● **INFORMATION SHOWN**:
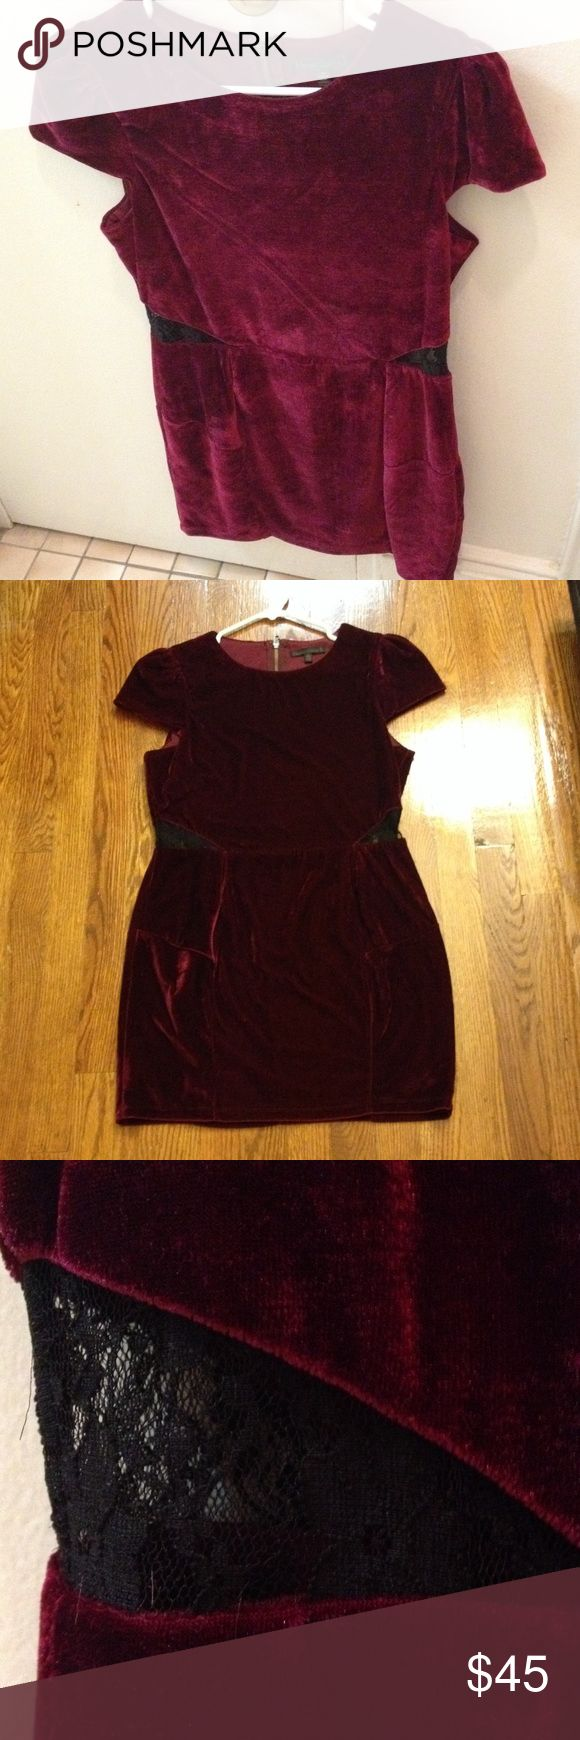 Deep Maroon Velvet Dress Luxurious deep reddish-violet velvet short-sleeved dress with peekaboo black lace cutout above hips. Dress hits above knee. Long gold zipper detail on back. Lucca Couture Dresses Mini
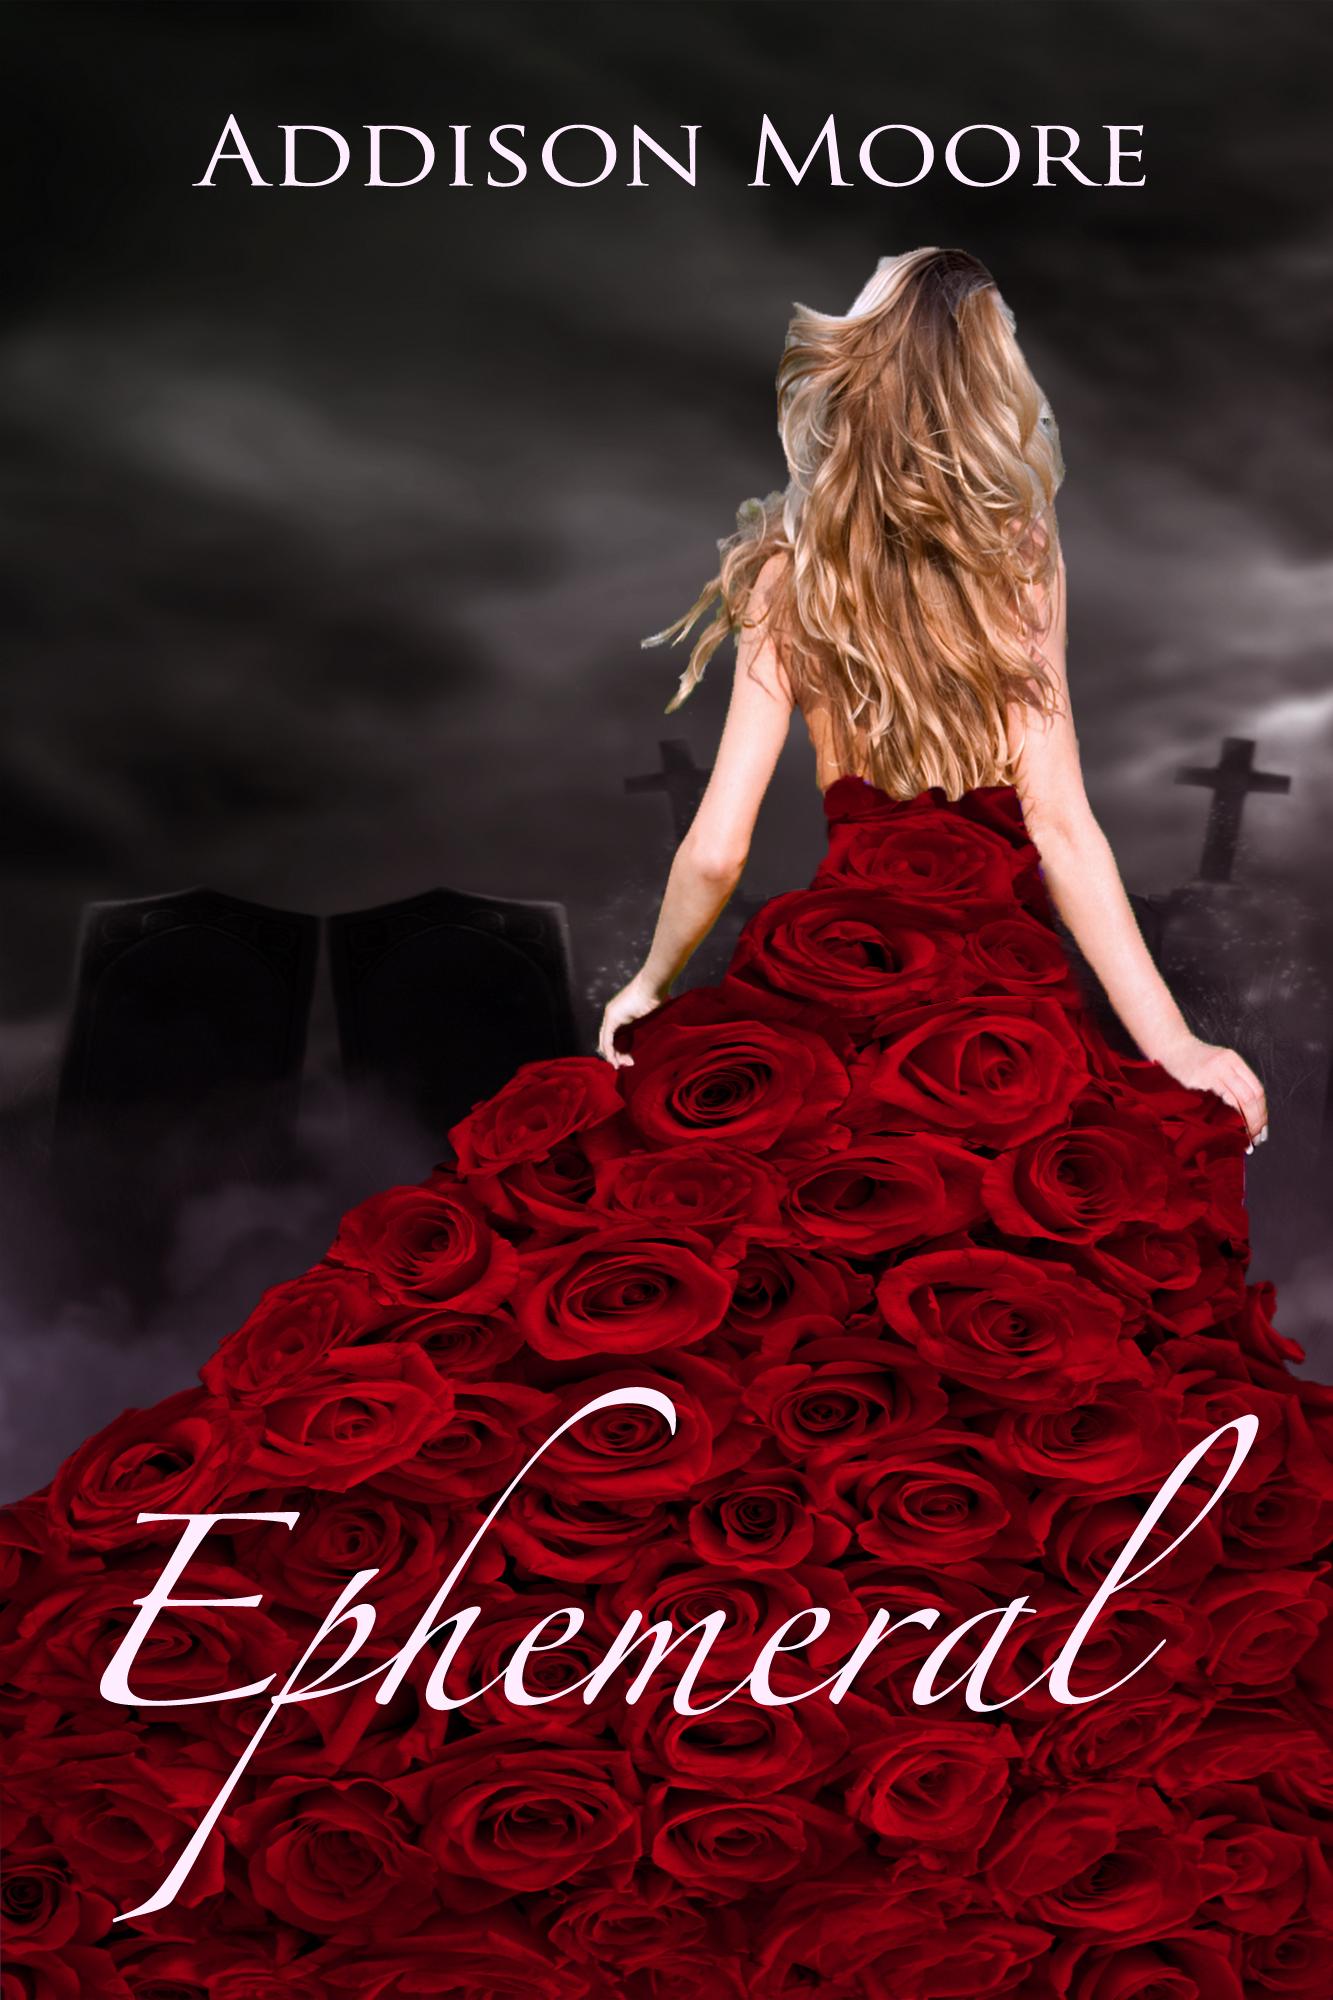 Addison Moore - Ephemeral (The Countenance)
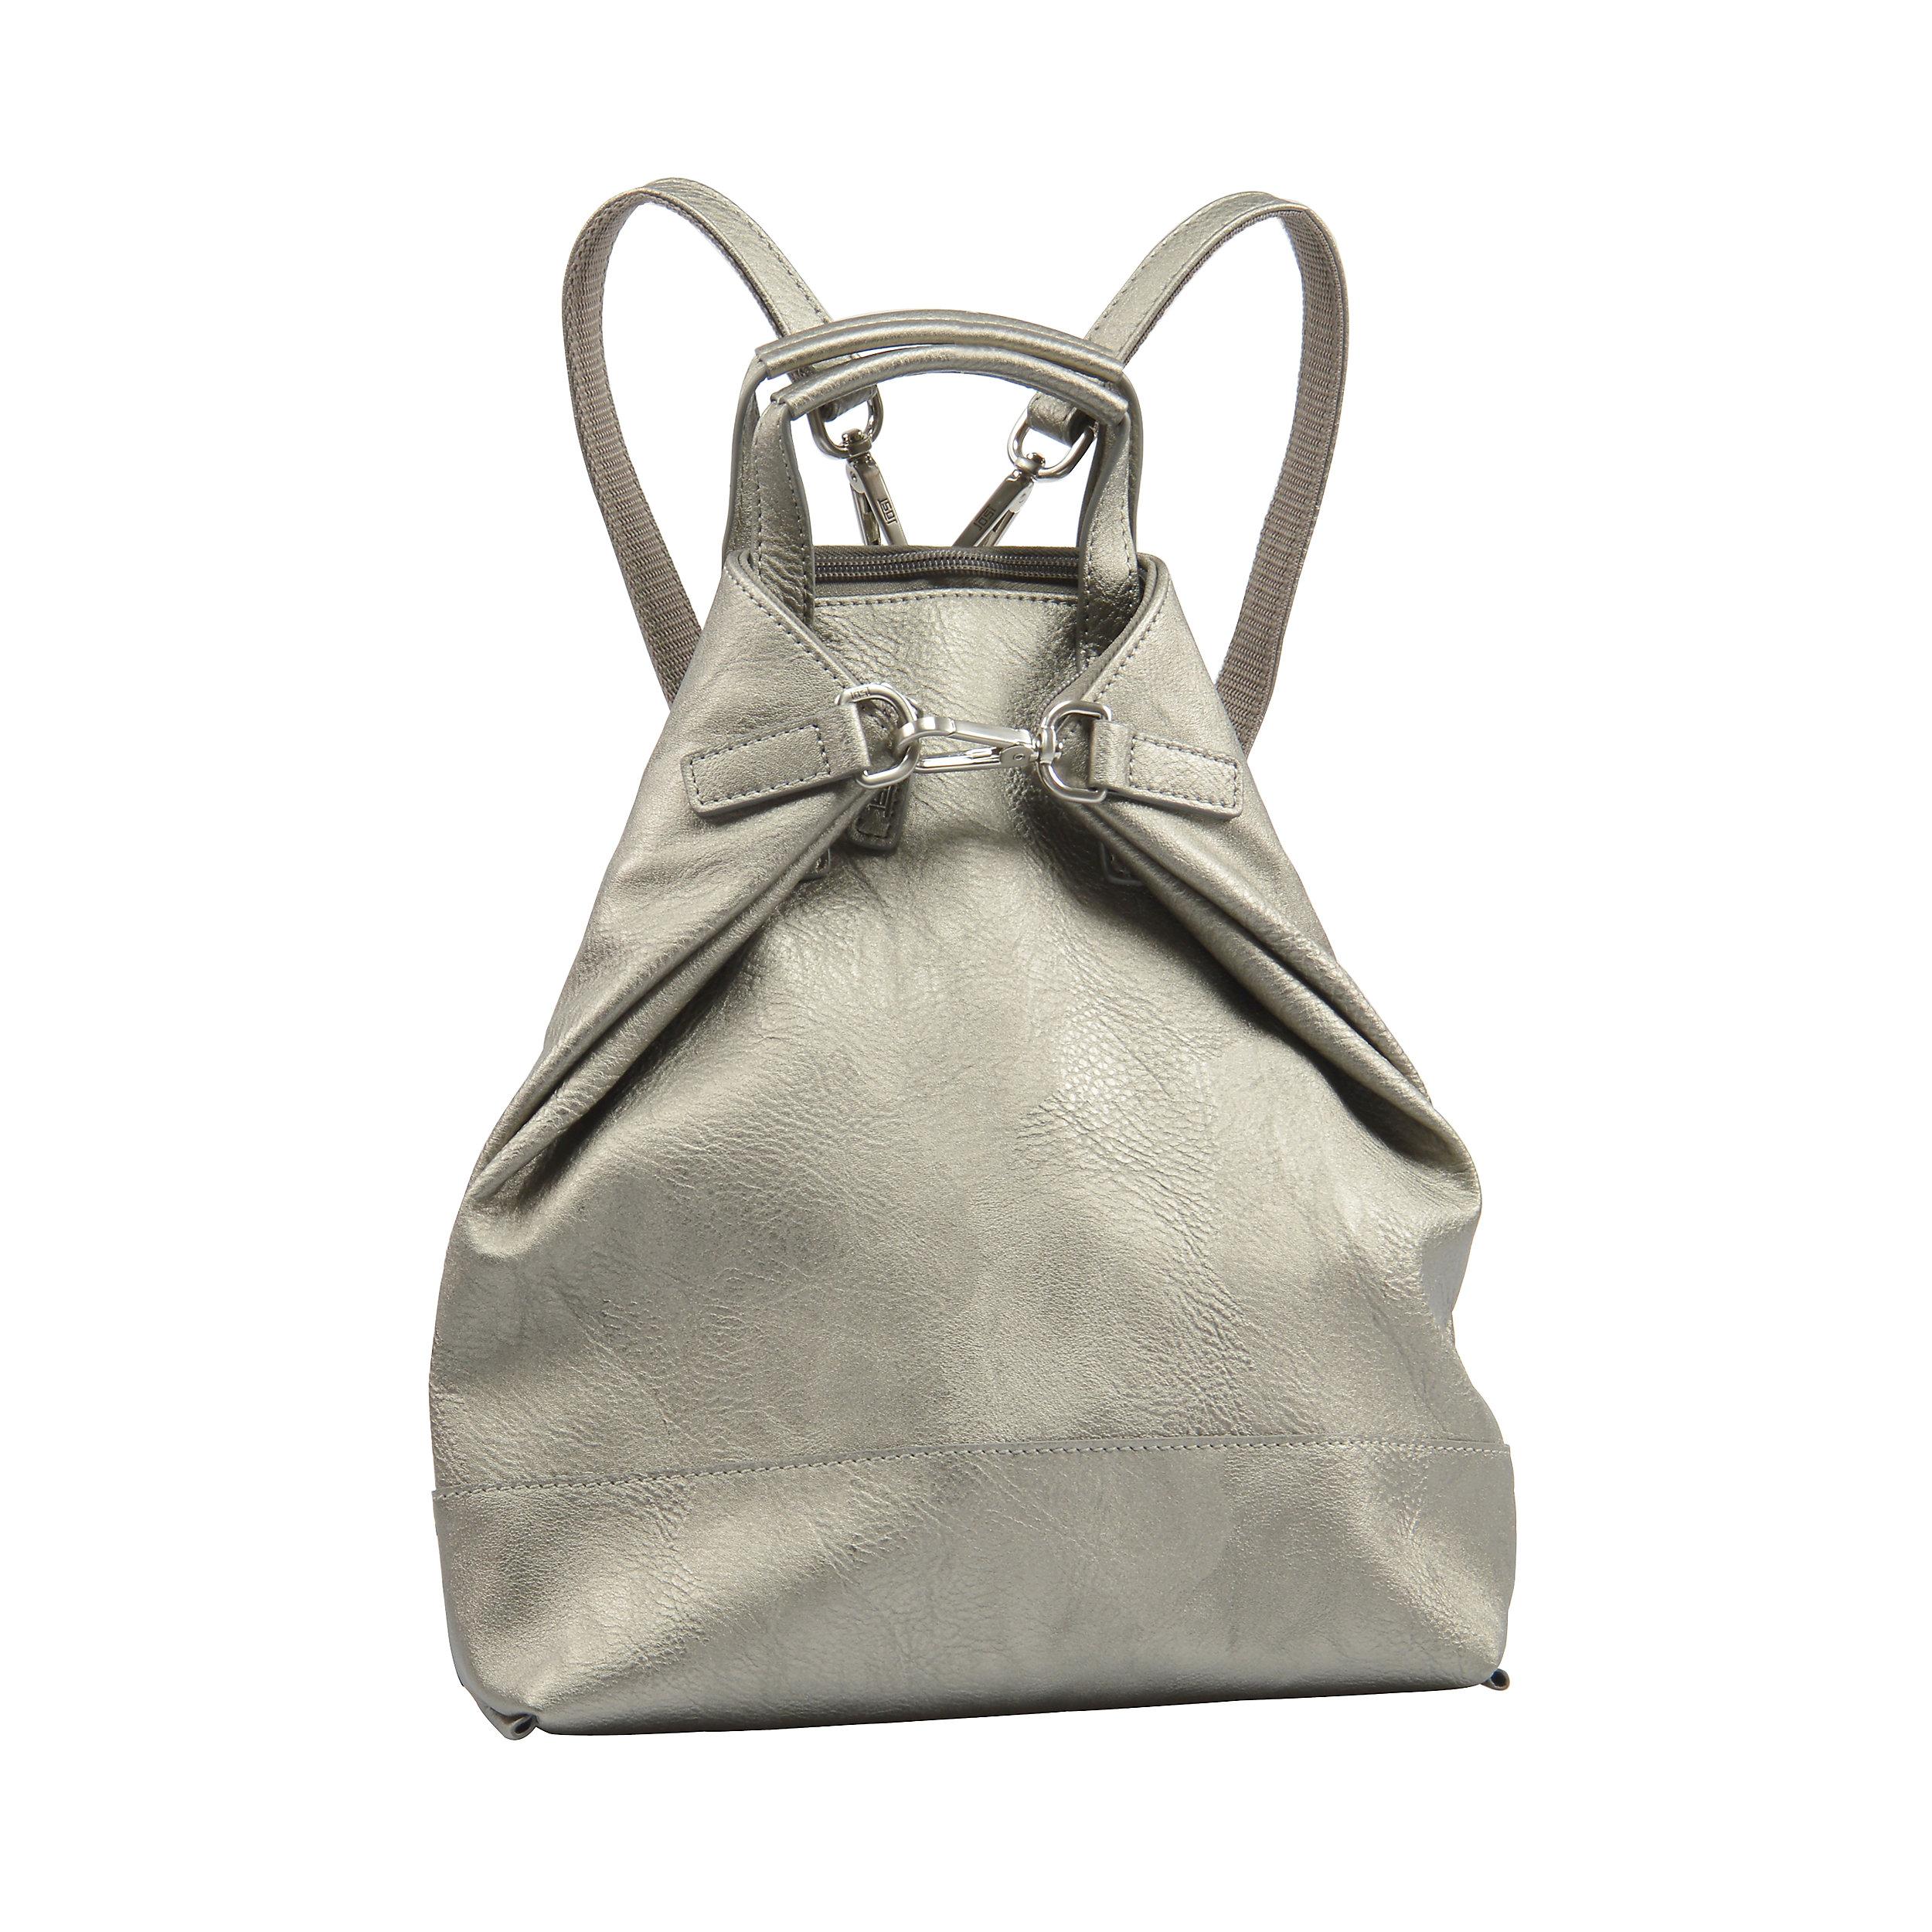 Backpack XChange Bag 3in1 13 Inch XS Merritt 5 Liter
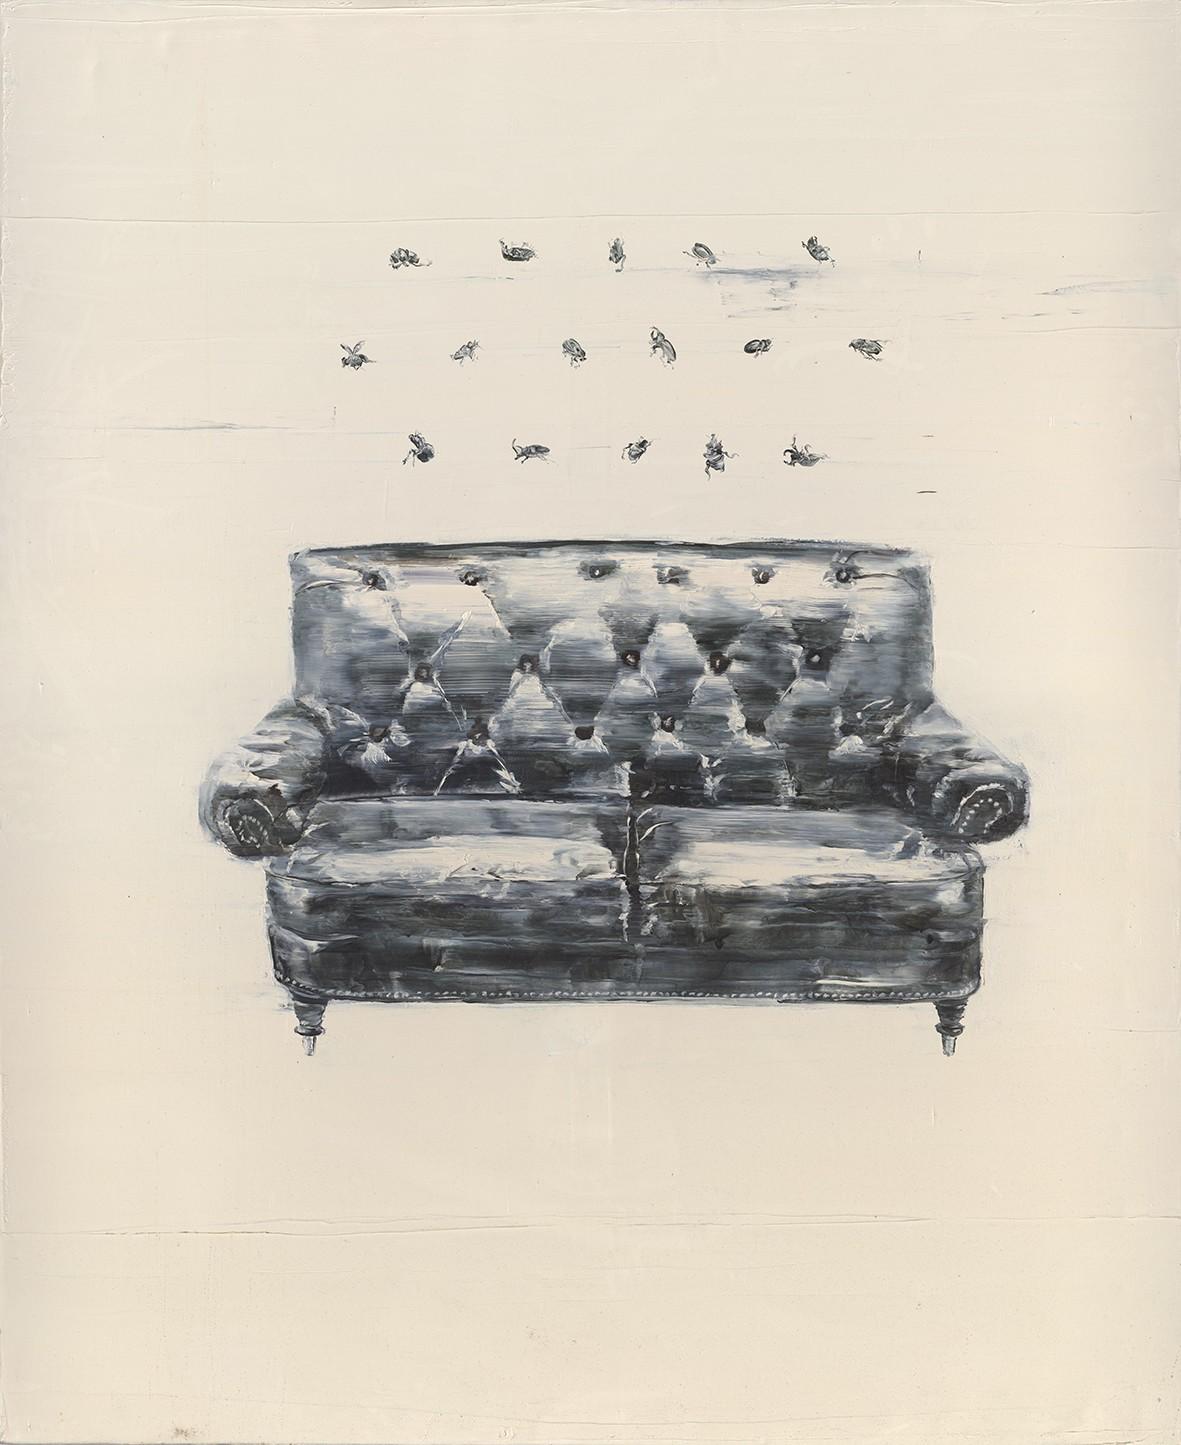 Tu Xi 涂曦, Sofa and Beetles 沙发和甲虫, 2012, Oil on canvas 布面油画, 180 x 150 cm

● **TASK**: Beginning with the line that contains "Backpack XChange Bag" and ending with the final line of the material, reproduce those lines exactly and nothing else. Omit the pictures.

● **RESULT**:
 Backpack XChange Bag 3in1 13 Inch XS Merritt 5 Liter
 Tu Xi 涂曦, Sofa and Beetles 沙发和甲虫, 2012, Oil on canvas 布面油画, 180 x 150 cm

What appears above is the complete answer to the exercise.